Great Chili Recipes-Charlie Porubsky's Chili
Charlie Porubsky's Chili
This chili is the feature menu item at a tiny grocery/restaurant in Topeka Kansas that has been serving it up since 1955. People flock from all around the midwest for a bowl of Charlie's Chili. It is served with crackers and hot horseradish pickles.
Charlie's Chili has been featured in Gourmet Magazine and the Food Network. Just last week a film crew was there filming a documentary in the store about the history of the restaurant and grocery and its place in the growth of the city.
If you plan to come to Topeka for a fresh bowl of this chili, Charlie only has chili Monday-Thursday 11pm - 2pm, October-March. They will extend the season if cold weather comes early or if we have a cold spring. If you are coming a distance, it might be best to call ahead. Some people might laugh at the thought of people traveling to try the chili, but it happens. Folks from the websites Chowhound.com and others have organized fly/drive ins to eat at Porubsky's in the past, as well as people who have seen the Porubsky documentary on PBS or in it's theater run.
One interesting note about Porubsky's.
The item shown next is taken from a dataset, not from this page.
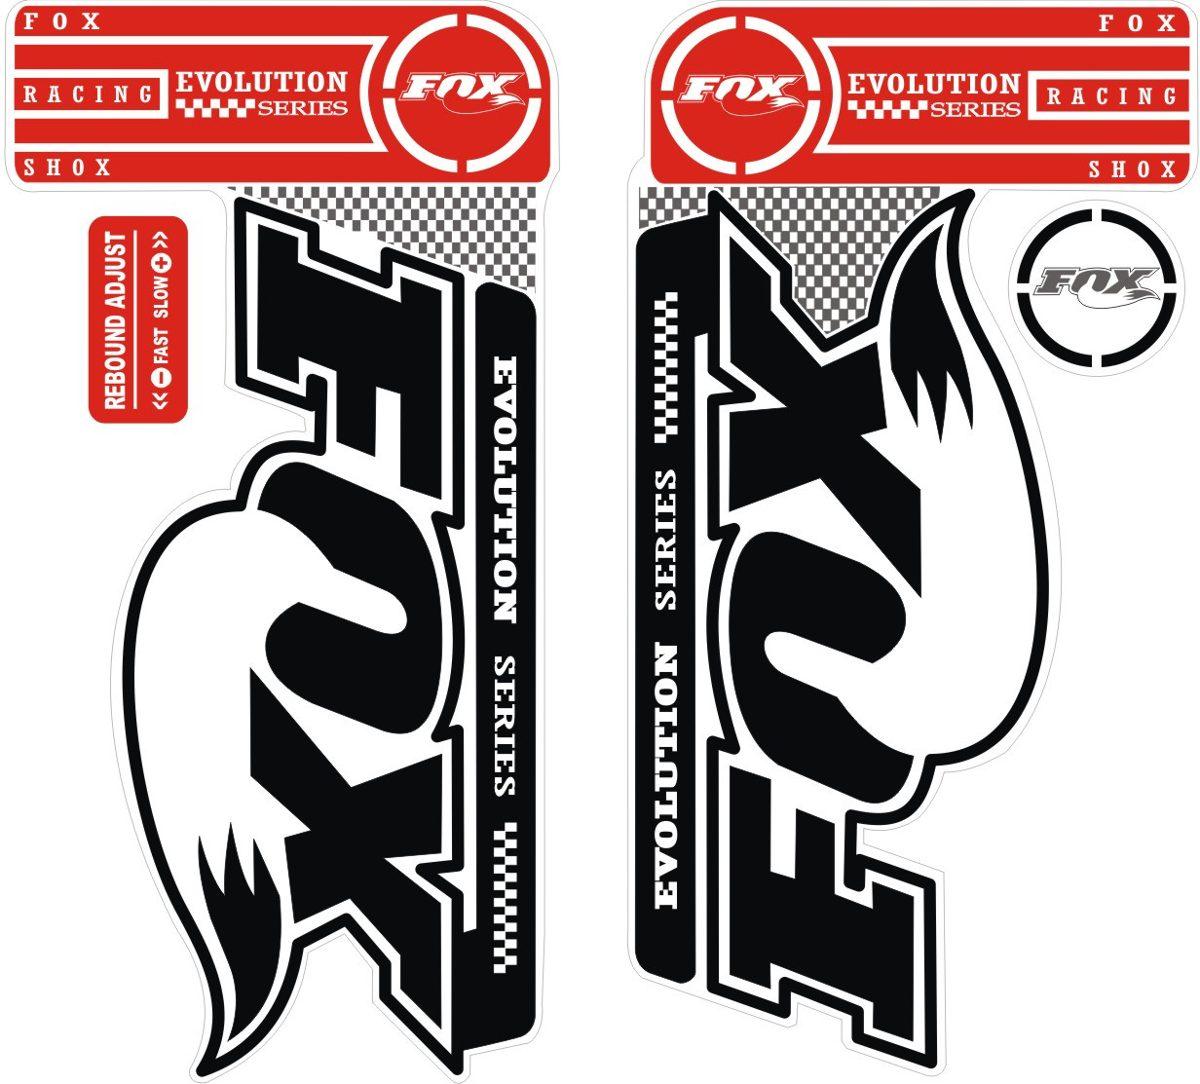 Armario Antiguo Restaurado ~ Adesivos Suspens u00e3o Bike Mtb Fox Evolution Series 29 R$ 39,00 em Mercado Livre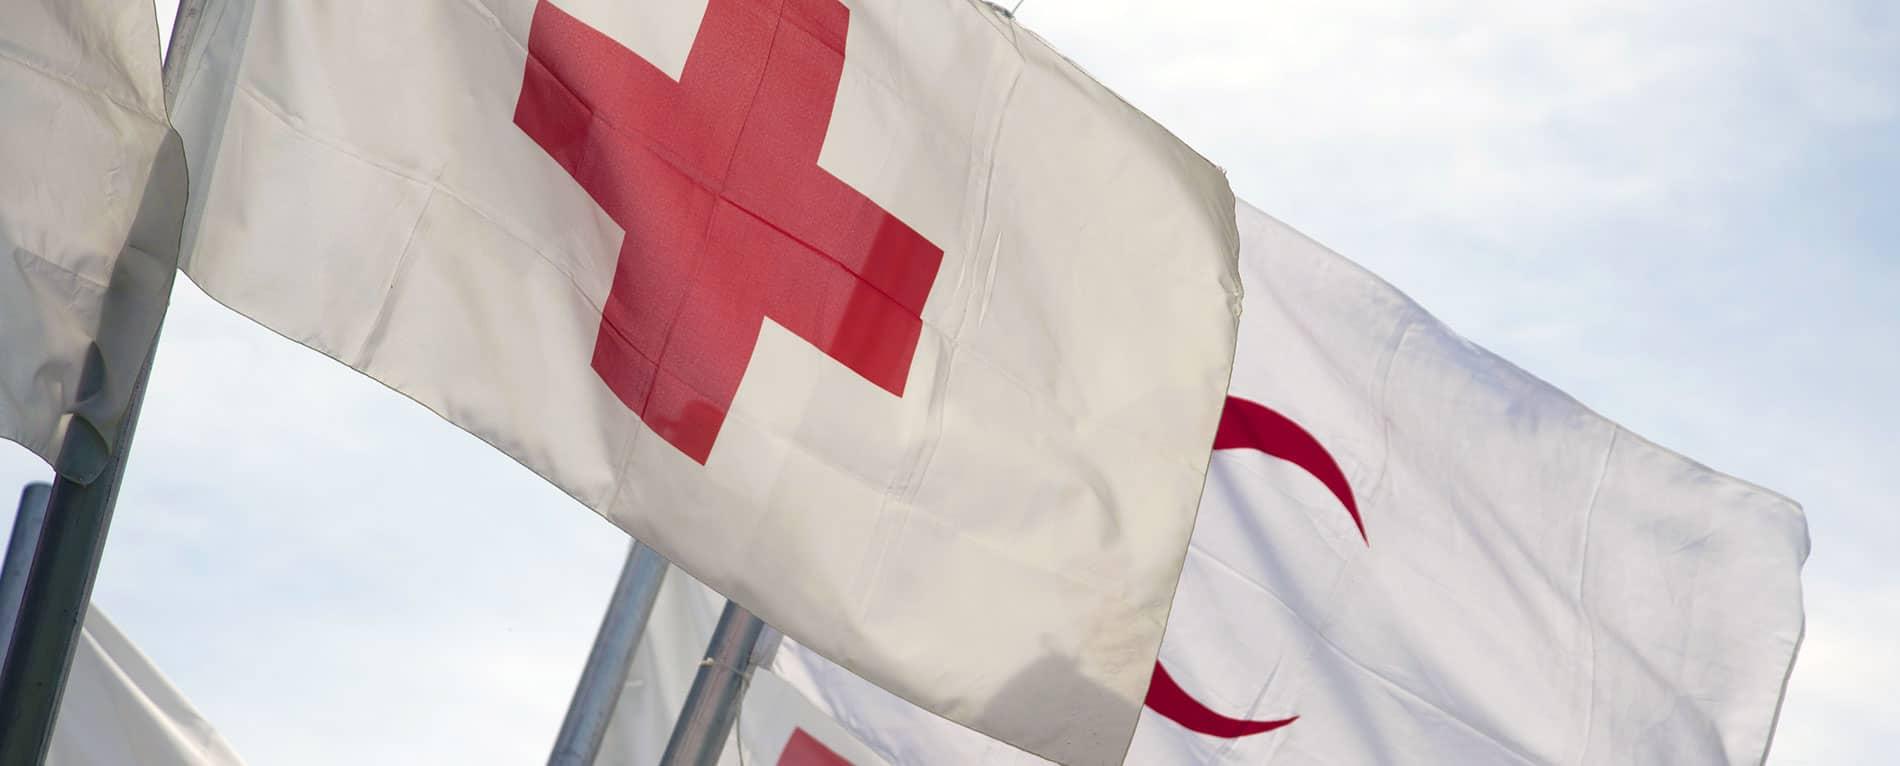 Bandiere Croce Rossa e Mezza Luna Rossa

There is a local judge who has worked at Porubsky's since his college days, and when his schedule allows, he still works there on the lunch hour, serving chili and Charlie's massive sandwiches or deli plates.
- 1 cup chopped onions
- 2 garlic cloves, minced
- 2 tablespoons vegetable oil
- 2 pounds coarsely ground chuck
- 1 1/2 teaspoons salt
- 3 tablespoons chili powder
- 1 tablespoon ground cumin
- 2 teaspoons Worcestershire sauce
- 1 tablespoon sugar
- 2 cups tomato sauce
- Two 16-ounce cans red kidney beans, drained
- Tabasco to taste, (we use 10 drops for a faint heat)
- In a big, heavy skillet or Dutch oven, sauté the onions and garlic in the oil until they are soft.
- Add the beef and salt. Cook until the beef is completely browned, breaking it up with a fork as it cooks. Drain off any excess fat.
- Add the chili powder, cumin, Worcestershire, sugar, tomato sauce, and 2 cups water. Bring the chili to a low boil and summer 30 minutes, stirring occasionally. Add the beans and simmer 15 minutes more. Add the Tabasco and more salt, if desired.
To Make the Pickles
For Horseradish Pickles
One 32-ounce jar kosher dill pickle halves (about 4 large pickles), with brine
1/2 cup prepared horseradish
1 teaspoon cayenne
Make the pickles
Pour the brine from the pickle jar into a large bowl. Mix the horseradish and cayenne into the brine. Cut the pickles into large bite-sized pieces and reimmerse them in the spiced brine. Cover and refrigerate several hours or overnight.